Care Package is the first compilation album by Canadian rapper Drake. It was released on August 2, 2019 by OVO Sound and Republic Records. The compilation consists of songs released between 2010 and 2016 that were initially unavailable for purchase or commercial streaming. The compilation features guest appearances from J. Cole, Rick Ross, and James Fauntleroy and additional vocals by Sampha and Beyoncé.

Background and release
Care Package follows the re-release of Drake's mixtape So Far Gone onto streaming services in February 2019. On August 1, 2019, Drake announced the release of Care Package via Instagram. The release of Care Package coincided with the start of Drake's ninth annual OVO Fest in Toronto.
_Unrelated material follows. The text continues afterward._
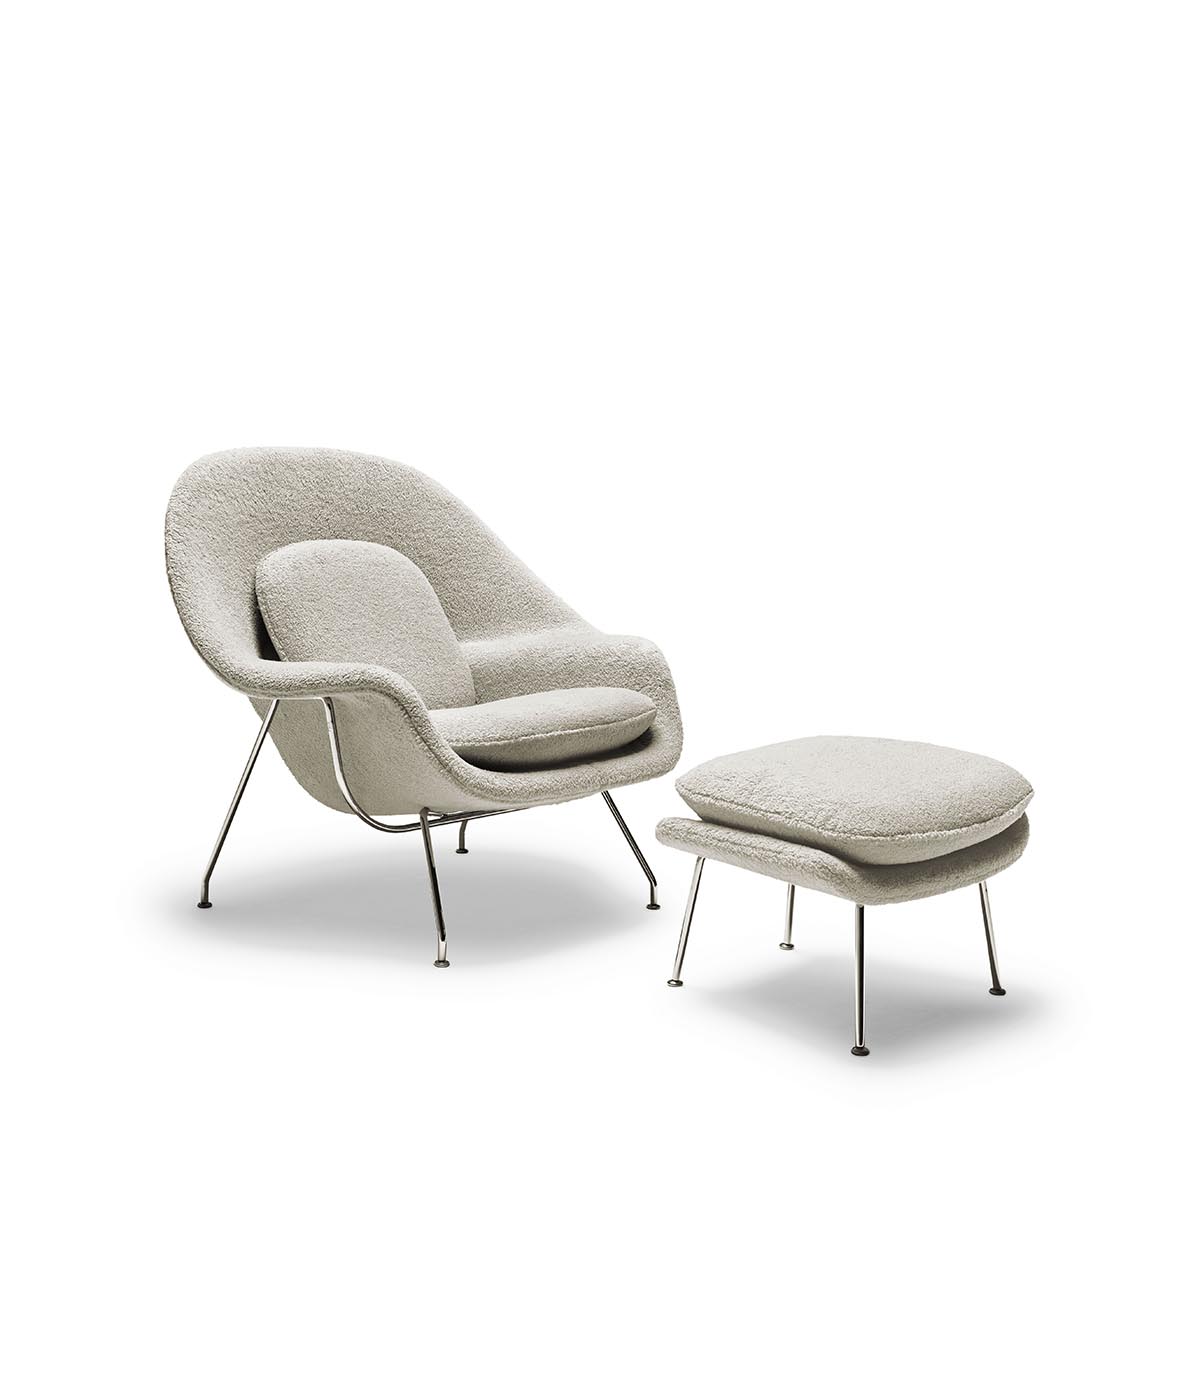 Womb Chair Designed by Eero Saarinen, 1946

The songs on Care Package were released as promotional material for several albums throughout the years. The earliest tracks, "I Get Lonely" and "Paris Morton Music", were released in 2010 after the release of Drake's debut album Thank Me Later. "Dreams Money Can Buy", "Trust Issues", "Club Paradise" and "Free Spirit" were released in 2011 before the release of Drake's second studio album, Take Care. The songs "5AM in Toronto", "Girls Love Beyoncé" and "Jodeci Freestyle" were released in 2013 before the release of Drake's third studio album, Nothing Was the Same. "The Motion" was included as a bonus track on the Best Buy exclusive physical deluxe edition and international edition for Nothing Was the Same.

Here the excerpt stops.